Un Israélien passe à côté d’un panneau électoral représentant le Premier ministre Benyamin Netanyahou et des politiciens d’extrême droite à Jérusalem en 2019. Photo d'archives AFP
Le parcours de la marche qui devait se dérouler en partie dans les quartiers palestiniens de la Vieille ville "n'a pas été autorisé par la police", ce qui a provoqué son annulation, a affirmé à l'AFP le porte-parole d'un des mouvements organisant la manifestation.
De son côté, la police israélienne a déclaré dans un communiqué que, "dans les grandes lignes actuelles et à la date présentée, l'événement n'est pas approuvé", tout en refusant de parler d'une interdiction. "S'il est décidé par les organisateurs de modifier le contour et/ou la date de la marche, la question sera examinée comme d'habitude", a t-elle ajouté.
Le très controversé député d'extrême droite Itamar Ben Gvir ainsi qu'une proche du Premier ministre Benjamin Netayahu, la députée May Golan (Likoud) ont néanmoins annoncé sur Twitter qu'ils défileraient quand même jeudi à Jérusalem, la loi les y autorisant de par leur statut de parlementaire.

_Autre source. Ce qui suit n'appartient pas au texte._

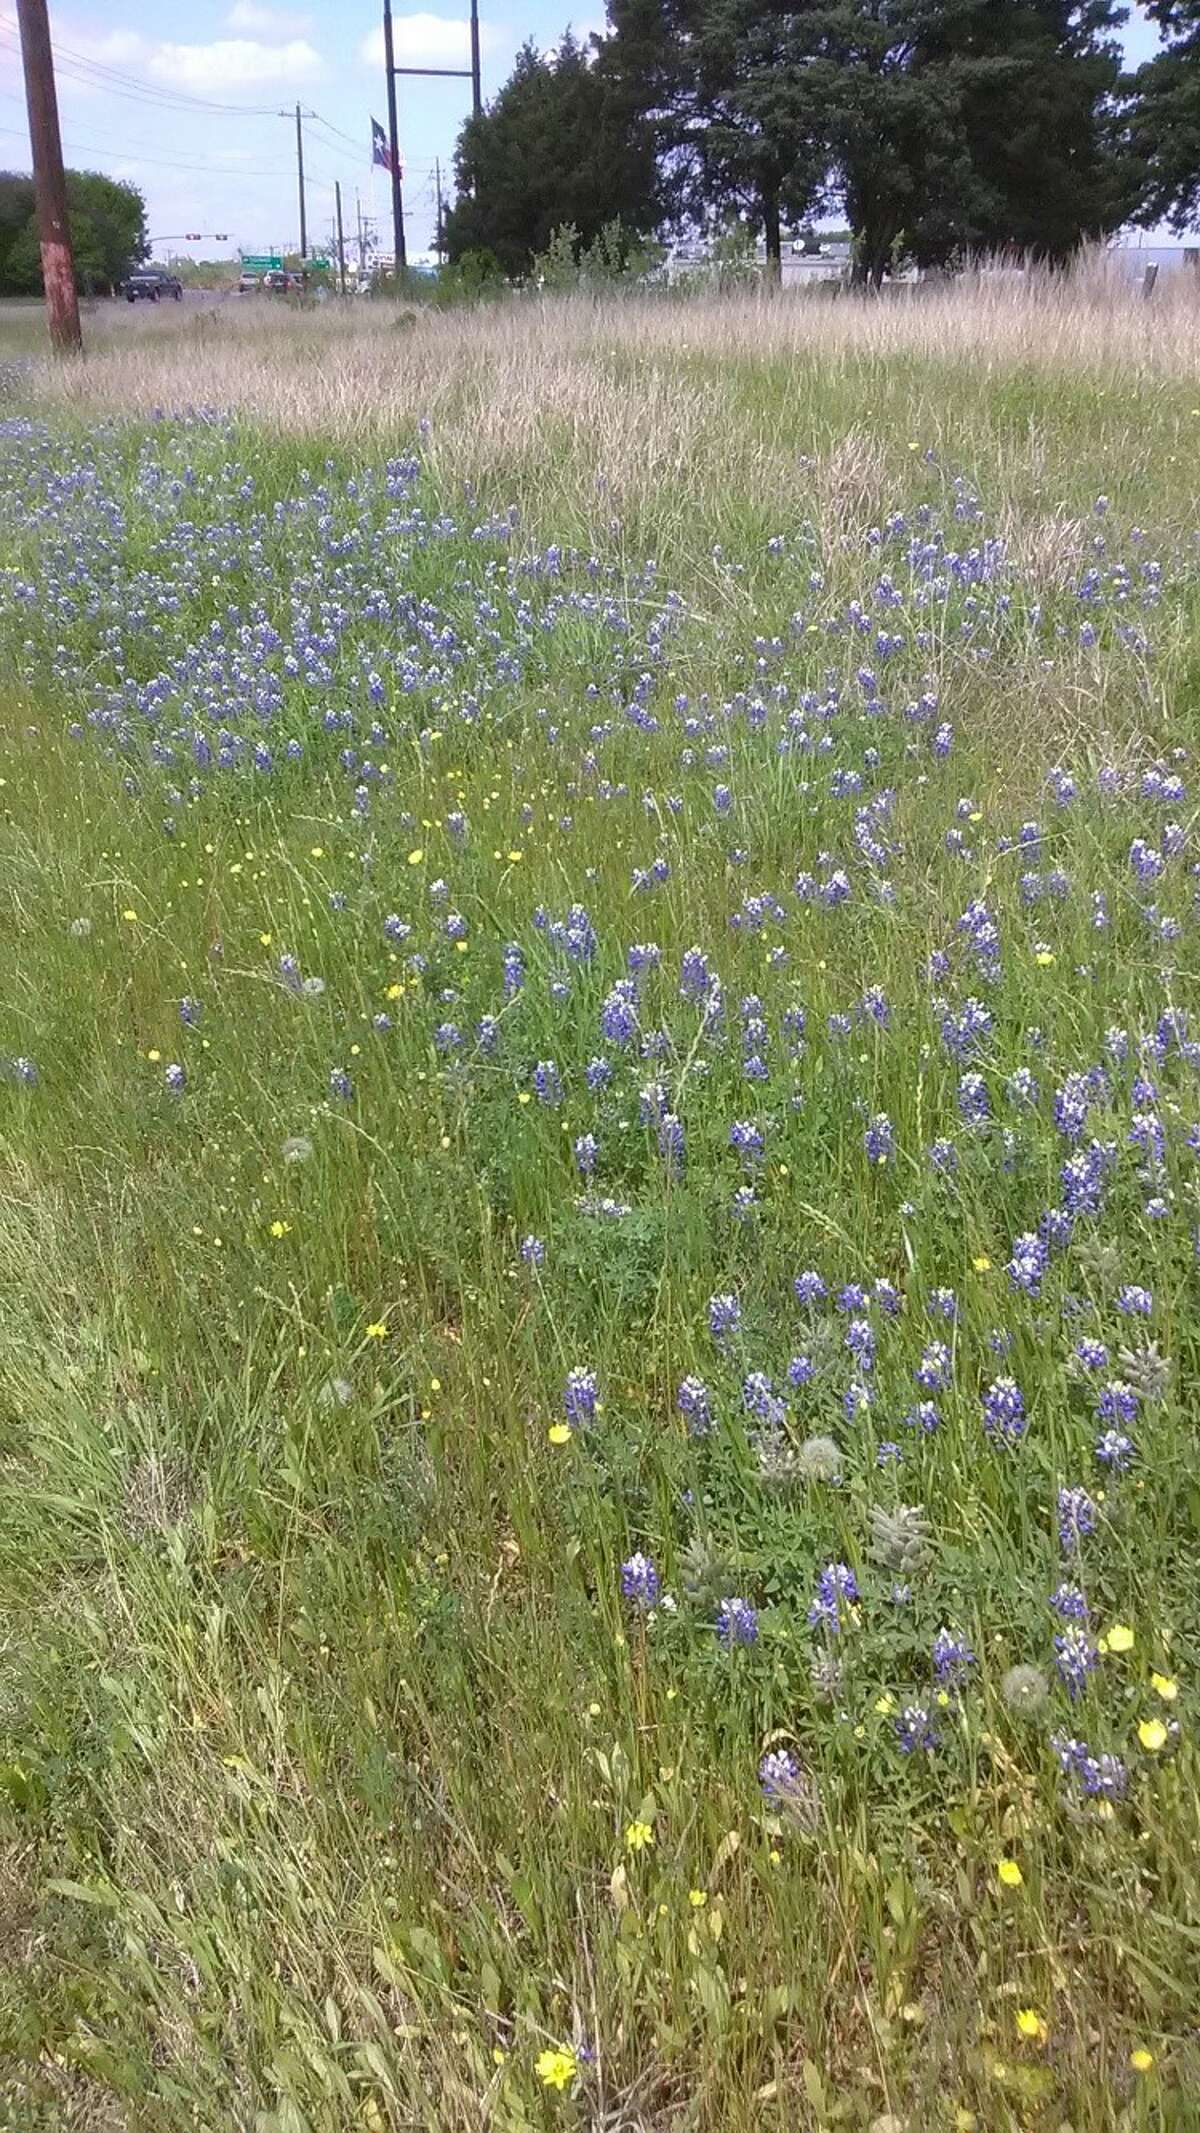 Bluebonnets were named the state flower by the Texas Legislature in 1901.

Cette "marche des drapeaux", à l'appel de plusieurs figures de l'extrême droite nationaliste israélienne, devait rassembler des centaines de personnes jeudi dans la Vieille ville de Jérusalem.
En matinée, le mouvement islamiste palestinien Hamas a menacé d'une nouvelle escalade si la marche était maintenue. "Nous mettons en garde l'occupation contre la (possibilité) que la marche des colons s'approche de Jérusalem(-Est) et de l'esplanade des Mosquées", a déclaré dans un discours Khalil al-Hayya, un ténor du Hamas au pouvoir à Gaza. "Nous espérons que la journée de jeudi ne devienne pas" un nouveau 10 mai, a-t-il ajouté en référence au début de l'escalade de violence entre le Hamas et Israël qui avait mené à une guerre de 11 jours le mois dernier.
Depuis plusieurs jours, les appels se sont multipliés, y compris venant de la part du ministre de la Défense israélien Benny Gantz, pour interdire cet évènement susceptible de raviver les tensions.
La marche controversée avait pour objectif de marquer "la journée de Jérusalem", commémorant pour les Israéliens la "réunification" de la ville en 1967. Elle avait déjà été annulée le 10 mai, alors que les tensions avaient atteint leur apogée entre manifestants palestiniens et forces de sécurité israéliennes.
"Le commandant de la police n'est pas capable de défendre des marcheurs dans les rues de Jérusalem avec des drapeaux d'Israël (...) c'est une capitulation honteuse devant le terrorisme et les menaces du Hamas", a réagi l'un des organisateurs, Bezalel Smotrich, chef du parti d'extrême droite pro-colonisation Sionisme religieux.